In the lotto 6/49 system, user draws 6 numbers between 0-49. When the numbers are drawn to determine the winners, it is not put back in so it is *sampled without replacement*. So when we calculate the total combinations, we use the formula for sampling without replacement.
>To get the probablity of winning the lottery, we divide the no: of successful outcomes with total outcomes (total combinations). Since a user picks one combination of numbers, the number of successful outcomes is 1.

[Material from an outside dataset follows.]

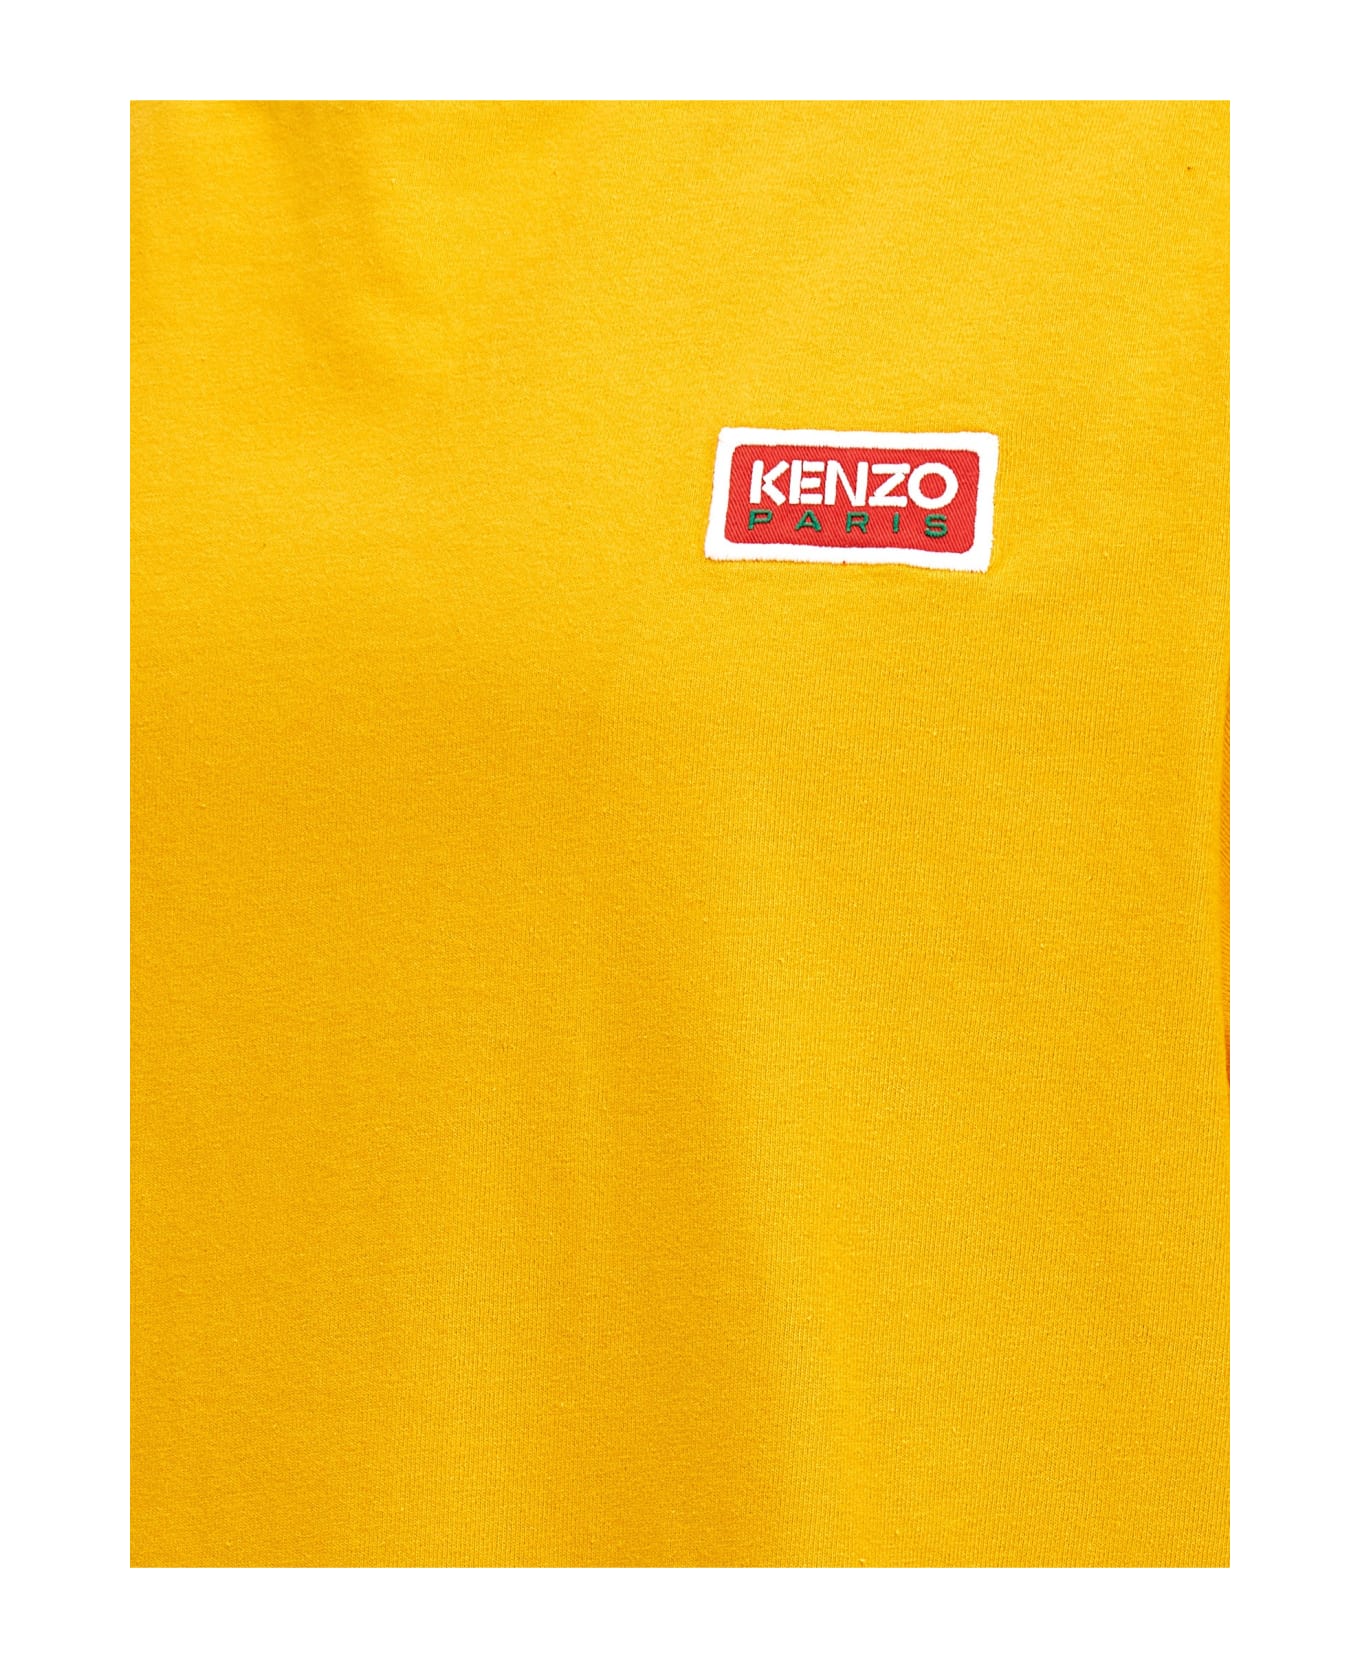 Kenzo Paris T-shirt - Yellow

## Comparing Against Historical Lotto data ##

### Step 1: Reading dataset into pandas dataframe ###

In [2]:
lotto = pd.read_csv('649.csv')
lotto.shape

(3665, 11)

In [3]:
lotto.head(5)

Unnamed: 0,PRODUCT,DRAW NUMBER,SEQUENCE NUMBER,DRAW DATE,NUMBER DRAWN 1,NUMBER DRAWN 2,NUMBER DRAWN 3,NUMBER DRAWN 4,NUMBER DRAWN 5,NUMBER DRAWN 6,BONUS NUMBER
0,649,1,0,6/12/1982,3,11,12,14,41,43,13
1,649,2,0,6/19/1982,8,33,36,37,39,41,9
2,649,3,0,6/26/1982,1,6,23,24,27,39,34
3,649,4,0,7/3/1982,3,9,10,13,20,43,34
4,649,5,0,7/10/1982,5,14,21,31,34,47,45


### Step 2: Extracting drawings as a pandas dataset ###

** CHECKING PROBABILITY OF A SINGLE TICKET: **

In function extract_numbers(), we extract columns "Number Drawn .." into a separate pandas dataset.
Then we check the value of input against historical occurences in chech_historical_occurence()

In [4]:
def extract_numbers(row):
    return set(row)

lotto6 = lotto[['NUMBER DRAWN 1', 'NUMBER DRAWN 2', 'NUMBER DRAWN 3', 'NUMBER DRAWN 4'
,'NUMBER DRAWN 5', 'NUMBER DRAWN 6']]
winning_sets = lotto6.apply(extract_numbers, axis =1)

    

In [5]:
def check_historical_occurence(li, sets):
    li = set(li)
    return (sets==li)
match = check_historical_occurence(lottery,winning_sets)

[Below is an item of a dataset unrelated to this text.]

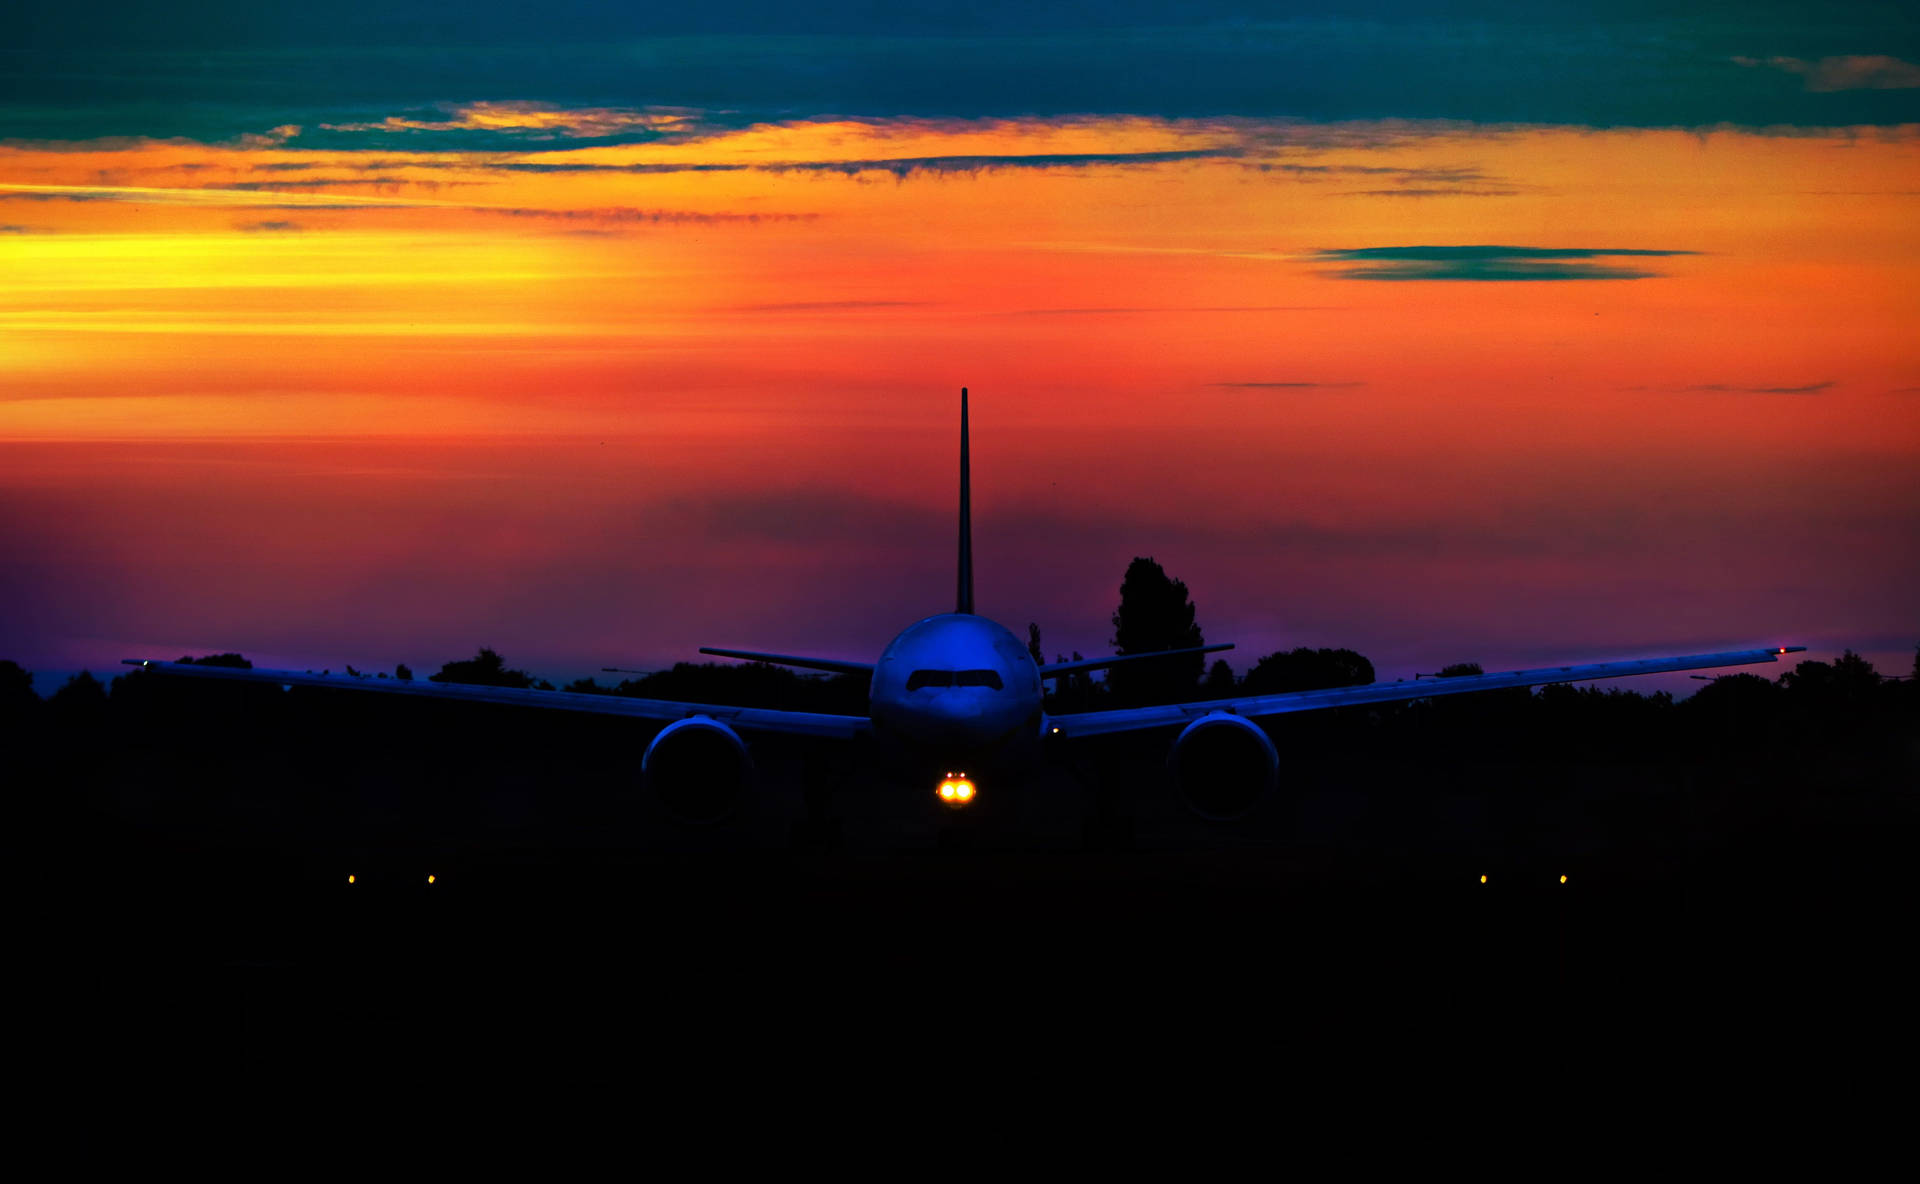 Beautiful Sunset Photo Of Airplane 4k Background

print('Your combination has occured {} time(s) in the Canadian lotto history. The chances of you winning the lottery is 1 in 13,983,816'.format(sum(match)))


Your combination has occured 0 time(s) in the Canadian lotto history. The chances of you winning the lottery is 1 in 13,983,816


** CHECKING PROBABILITY OF MULTIPLE TICKETS: **

Since most lottery addcits buy multiple tickets, we check the probability of of multiple tickets winning the lottery. Here successful outcomes depends on the number of tickets bought by the customer, and total outcomes can be calculated by calling the combinations functions.

Remember 6 tickets are drawn and the total numbers picked is upto 49.

In [6]:
def multi_ticket_probability(n_tickets):
    t_o = combinations(49,6)
    s_o = n_tickets
    probability = s_o/t_o
    print("The probability of winning the lottery with your tickets is {}% OR 1 in {} chances".format(probability*100, int(t_o/s_o)))
    print('--------------------------------------------------------------')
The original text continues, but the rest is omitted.